Sevgili Can Yalcinkaya,
gercekten son zamanlarda okudugum en lokum ve en tadindan yenilmez bir yazi.
keyiften… aldigim zevkten agzimdan su damaladi yemin ederim.
ne kadar sansli oldugunu anlatamam.Dick Dale sahane! filmler sahane! mekanin enfesligi muthis heyecanli ahh ahh!! sanki oradaymisim hissi yasattin bana.pazar gunume kattigin doyumsuz lezzetler icin binlerce tesekkurlerimi gonderiyorum kabul ediniz lutfen!
sevgiler, saygilar.
Sevgili videodreamproject, bu güzel yorum için çok teşekkür ederim.
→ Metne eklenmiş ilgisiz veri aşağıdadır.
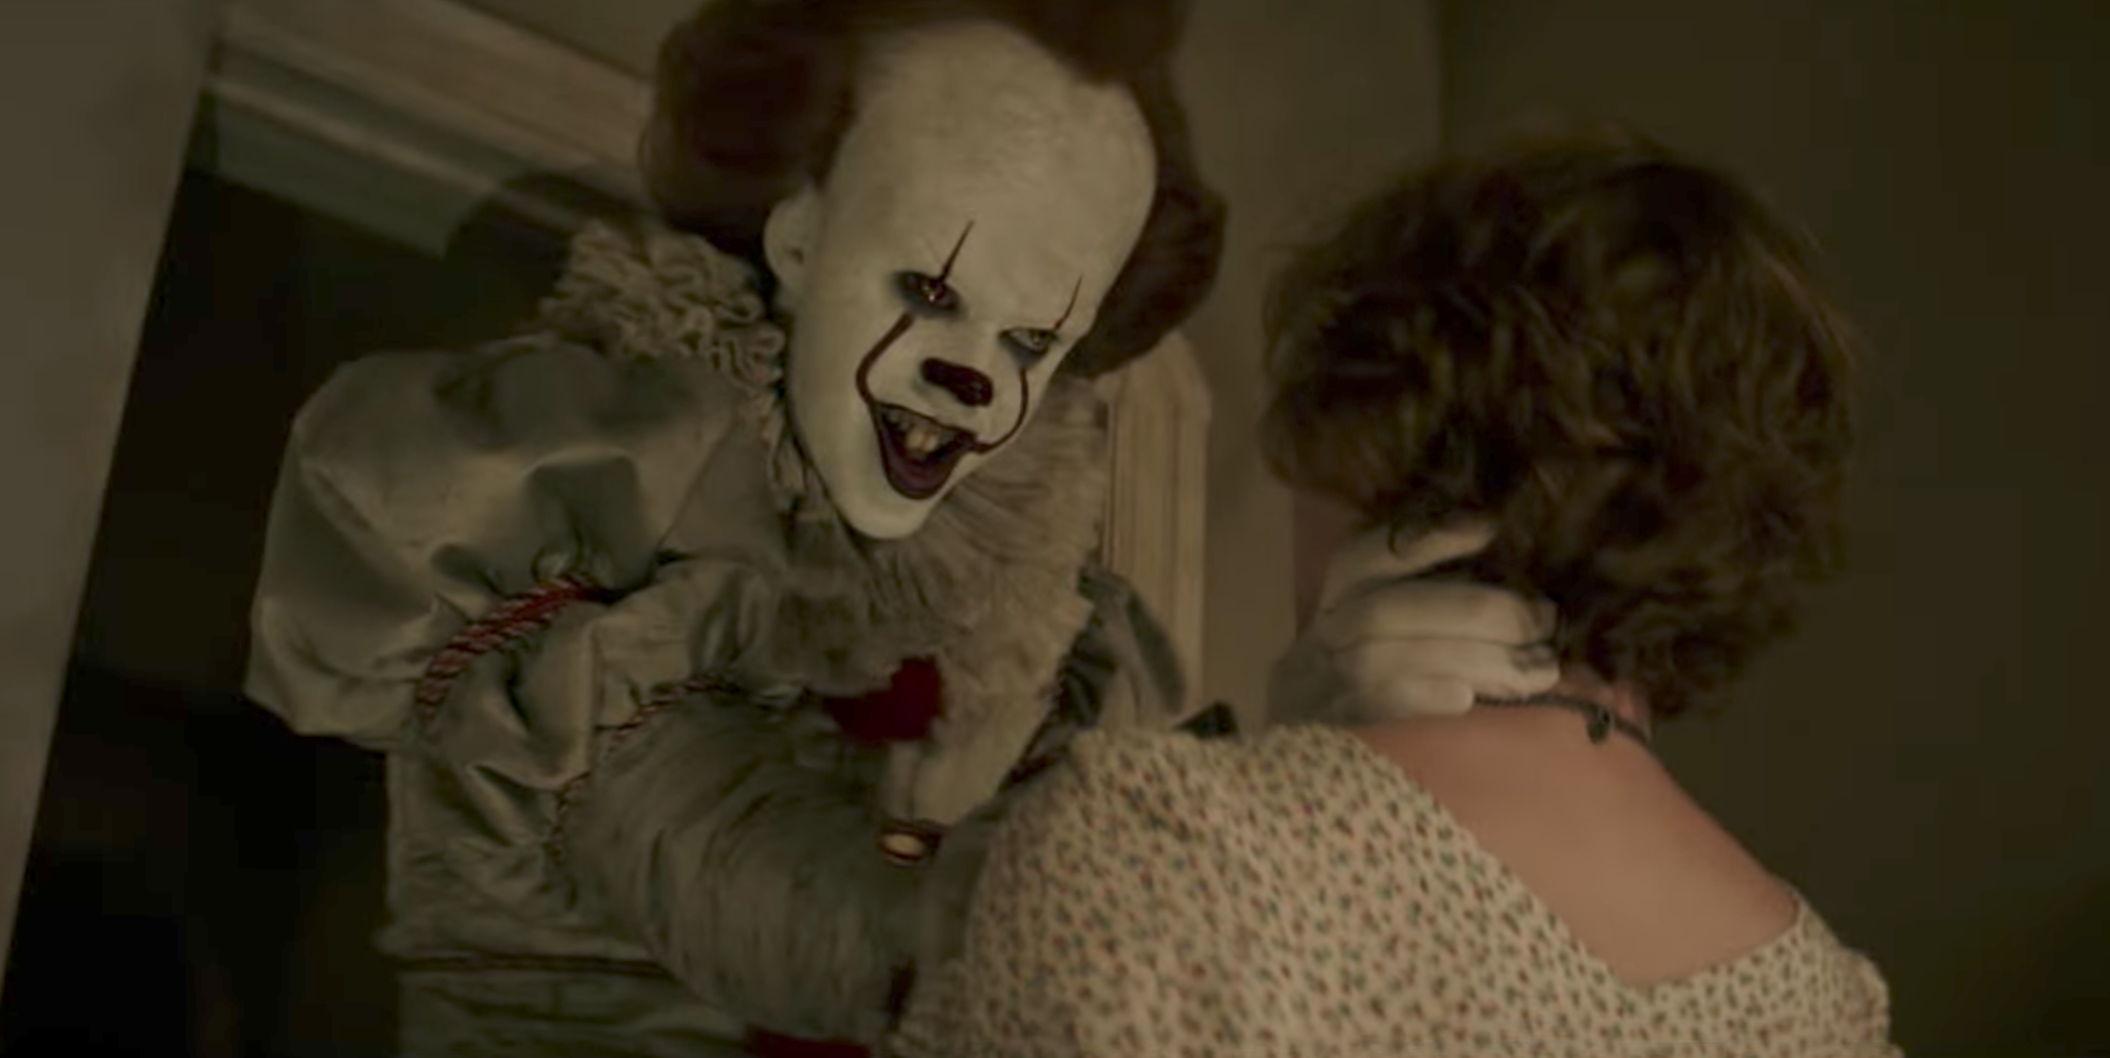 5 Life Lessons and Moral Value from Pennywise the Dancing Clown in ...

Ben filmleri izlerken çok iyi vakit geçirdim, bunun birazını bu yazıya yansıtabildiysem ne mutlu bana…
Harika!
Miss Death’in kendi elleriyle yaptığı kabak çorbasını dağıttıktan sonra facebook’ta etkinliklerine RSVP yaptıkları halde gelmeyen insanlardan şikayet etmesi detauına çok güldüm!
:) Evet, bayağı komikti. Bir de RSVP olayında “belki” seçeneği olmasına takmıştı: “Belki ne demek? Ya geleceksindir, ya da gelmeyeceksindir!”
Can güzel bir ekleme oldu bu siteye. Seni kıskansam da bizim de Geceyarısı filmleri gösterimimiz var Serdar Kökçeoğlu sayesinde. Yeni sezon da başlıyor artık, herkesi bekleriz:)
Ben de Londra’dan bir film klubü yazısıyla gelicem yakında dur : )
Hakikaten çok güzel oldu bu yazı Can… Yazıda bahsettiğin filmlerin linklerini de eklesen keşke
Tesekkurler arkadaslar, ben de sizin Geceyarisi Filmleri ve Londra’daki film klubu yazilarinizi merakla bekliyorum :)
Can, yazinin sonundaki notlara buldugum iki Dick Dale filminin linklerini ekledim. Yowie ve Pelican Boy. Iyi seyirler :)
Can, eline sağlık :)
Can Yalçınkaya Siteye çok güzel eklemeler yapıyor. Öteki çok değerli bir yazar daha kazandı diye düşünüyorum. Türe ilgisi ve bilgisi yazdıklarını okuyanlara kesinlikle çok şey katacak…
Öteki için yazan isimler kesinlikle çok değerli kişiler… Bunun sitemizi bir adım öne çıkardığını düşünüyorum. Rekabetin olmadığı sadece bilgiyi aktarma ve paylaşma gayretinin ivmelendirdiği Öteki Sinema’nın tüm yazarlarına teşekkürler.
Tesekkurler arkadaslar, bu platformda olmak gercekten mutluluk verici bir sey.